The jury assessed Johnson's punishment at eighteen years' confinement and a $10,000 fine. The trial court then orally sentenced Johnson in accordance with the jury's verdict: "It is, therefore, the order, judgment, and decree of this Court that the Defendant . . . is hereby sentenced to 18 years' confinement, with a $10,000 fine, in the Texas Department of Criminal Justice." The written judgment did not include the fine that had been assessed by the jury and orally imposed by the trial court, but it did include court costs of $299. The attached withdrawal order authorized the Department of Criminal Justice to withdraw funds from Johnson's inmate account to satisfy the fine and costs totaling $10,299.

Generally, when the oral pronouncement of sentence conflicts with the written judgment, the oral pronouncement controls. Taylor v. State, 131 S.W.3d 497, 500 (Tex. Crim. App. 2004); Ex parte Madding, 70 S.W.3d 131, 135 (Tex. Crim. App. 2002). We have the authority to correct and modify the judgment of the trial court to conform to what occurred at trial if we have the necessary information to do so. See Asberry v. State, 813 S.W.2d 526, 529 (Tex. App.-Dallas 1991, pet. ref'd); see also Tex. R. App. P. 43.6. We are able to do so in this case and, therefore, modify the judgment to conform to the trial court's oral pronouncement of sentence. Because the judgment should have included the fine component of Johnson's sentence, which was orally pronounced, and because we so modify the judgment, the order to withdraw funds was authorized by the judgment. We overrule issue three.


We conclude that the State's punishment witness was qualified to testify as an expert on gang affiliation and practices. Further, we modify the trial court's judgment to include the $10,000 fine as assessed by the jury and orally pronounced by the trial court. Because these are Johnson's only remaining issues on remand, we affirm the trial court's judgment as modified. See Tex. R. App. P. 43.2(b).


1. See Tex. R. App. P. 47.4.
2. The majority of the documents in the clerk's record refer to the appellant as Kevin Kimp. But the trial court signed an order noting that Deairion Johnson was the appellant's true name and entered this change into the minutes.

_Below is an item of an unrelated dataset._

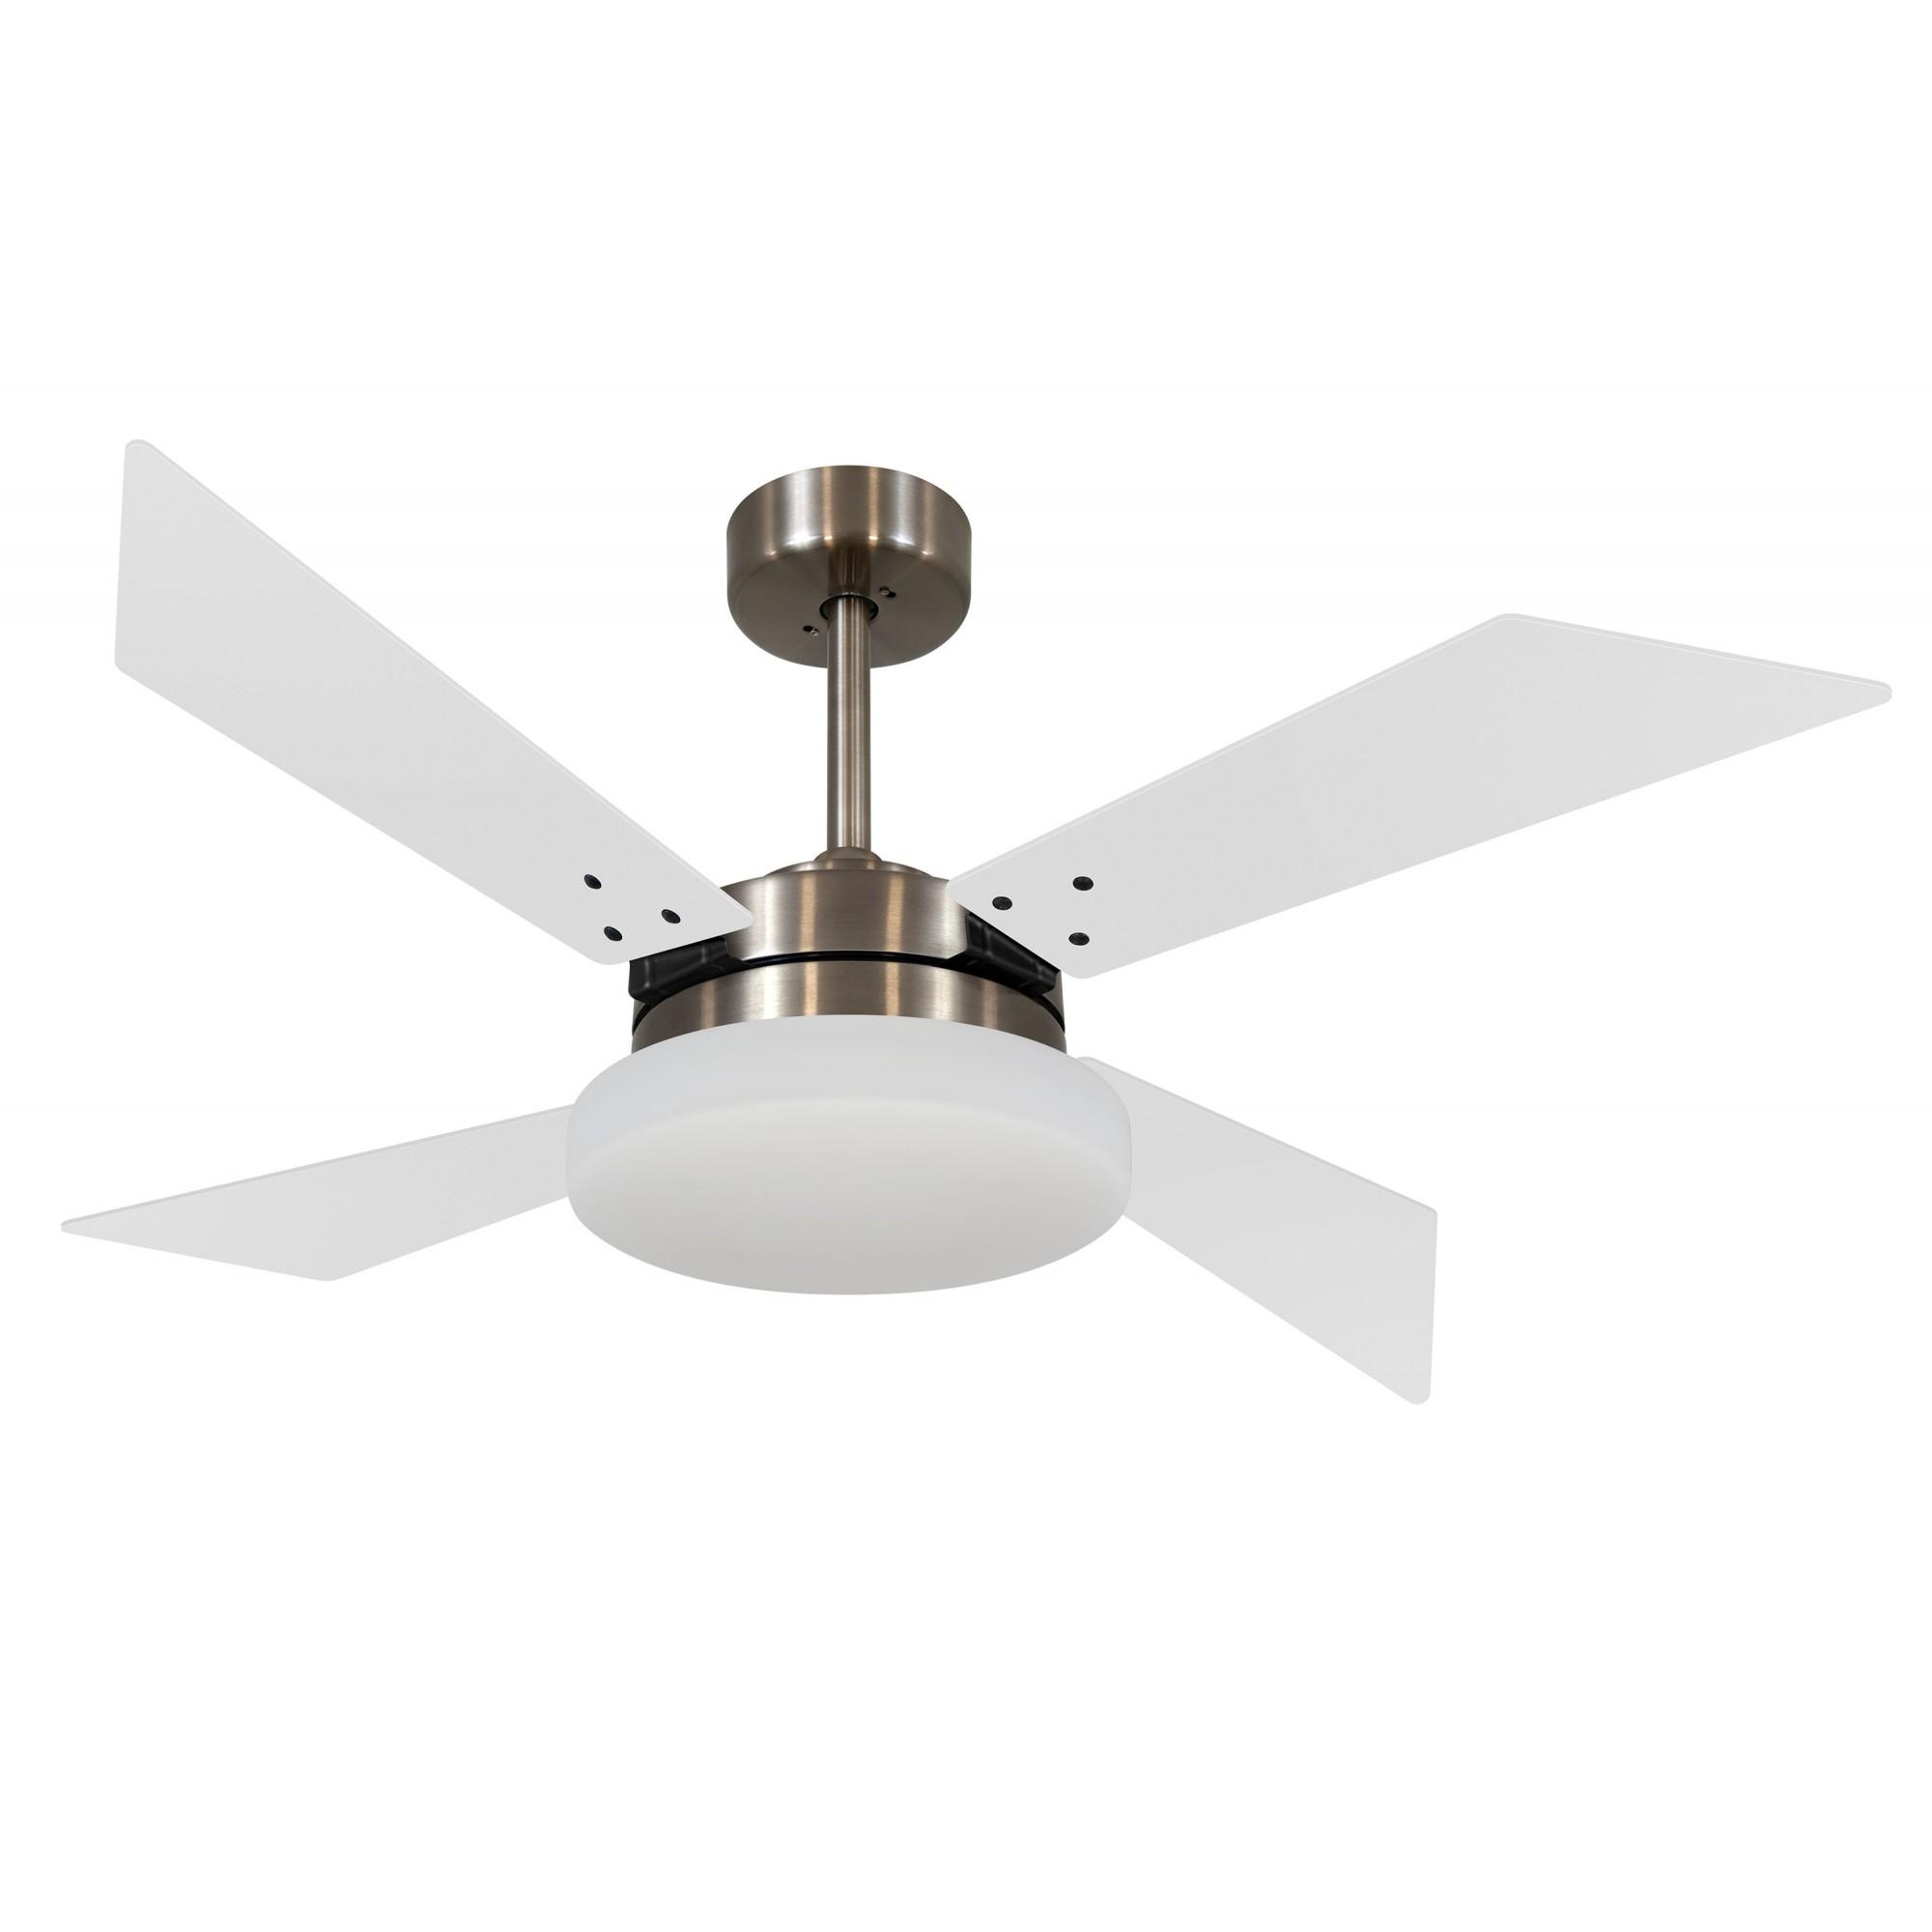 Ventilador de Teto VD50 Tech Bronze 4 Pás MDF Branco 220V

Therefore, as we have before, we will refer to the appellant by his true name: Johnson. See Johnson v. State, No. 02-15-00296-CR, 2016 WL 3033495, at *1 n.2 (Tex. App.-Fort Worth May 26, 2016) (mem. op., not designated for publication), rev'd, 509 S.W.3d 320 (Tex. Crim. App. 2017).
3. Wells was able to testify to the technicalities of the database and how a person would be included as a gang member. Cf. Hopes, 2015 WL 6759450, at *3 & n.3 (declining to find officer not qualified to testify as expert regarding gang activity simply because he could identify only seven of the eight criteria for inclusion in database).